Question

Consider two solid uniform spherical objects of the same density $\rho$. One has radius $R$ and the other has radius $2R$. They are in outer space where the gravitational fields from other objects are negligible. If they are arranged with their surfaces touching, what is the contact force between the objects due to their gravitational attraction?

• A. $G{\pi }^2{R}^4$
• B. $\frac{128}{81}G{\pi }^2{R}^4{\rho }^2$
• C. $\frac{128}{81}G{\pi }^2$
• D. $\frac{128}{81}{\pi }^2{R}^{4}G$

Answer 1

The correct option is B $\frac{128}{81}G{\pi }^2{R}^4{\rho }^2$

We know that, a Gravitational force is a non-contact, attractive force. For the situation given in the question to calculate force at a point outside, uniform spherical mass can be considered as a point mass placed at its center.

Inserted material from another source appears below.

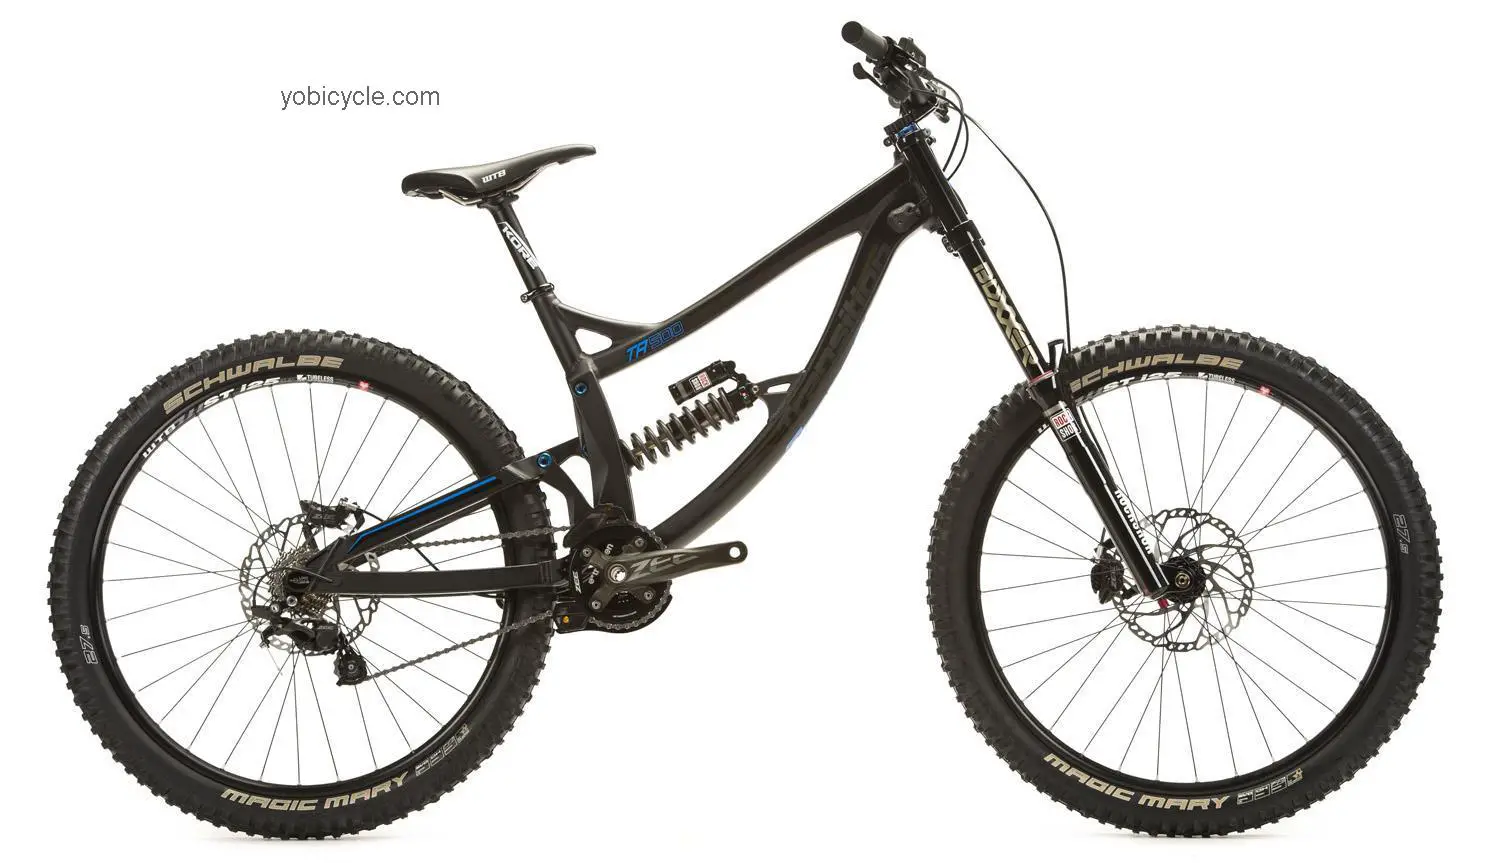 Transition TR 500 2 27.5 2015 comparison online with competitors

Free body diagram of $m_1$:


Since $m_1$ is in equlibrium, so the reaction on $m_1$, $$N=F_g$$
Mass of sphere, $m_1=\frac{4}{3}\pi R^3\rho$

Mass of sphere, $m_2=\frac{4}{3}\pi (2R{)}^3\rho$

Distance between the centres $=3R$

So, the force acting between the masses,$$F_g=\frac{G{m}_1{m}_2}{(3R{)}^2}$$
Substituting the values of $m_1$ and $m_2$,

$\Rightarrow F_g=\frac{G\times \frac{4}{3}\pi R^3\rho \times \frac{4}{3}\pi (2R{)}^3\rho }{(3R{)}^2}$

$\Rightarrow F_g=\frac{128}{81}G{\pi }^2{R}^4{\rho }^2$

Hence, option (b) is the correct answer.

Why this question? Note: For calculation of gravitational force at a point outside, a uniform spherical mass can be considered to be a point mass placed at its center.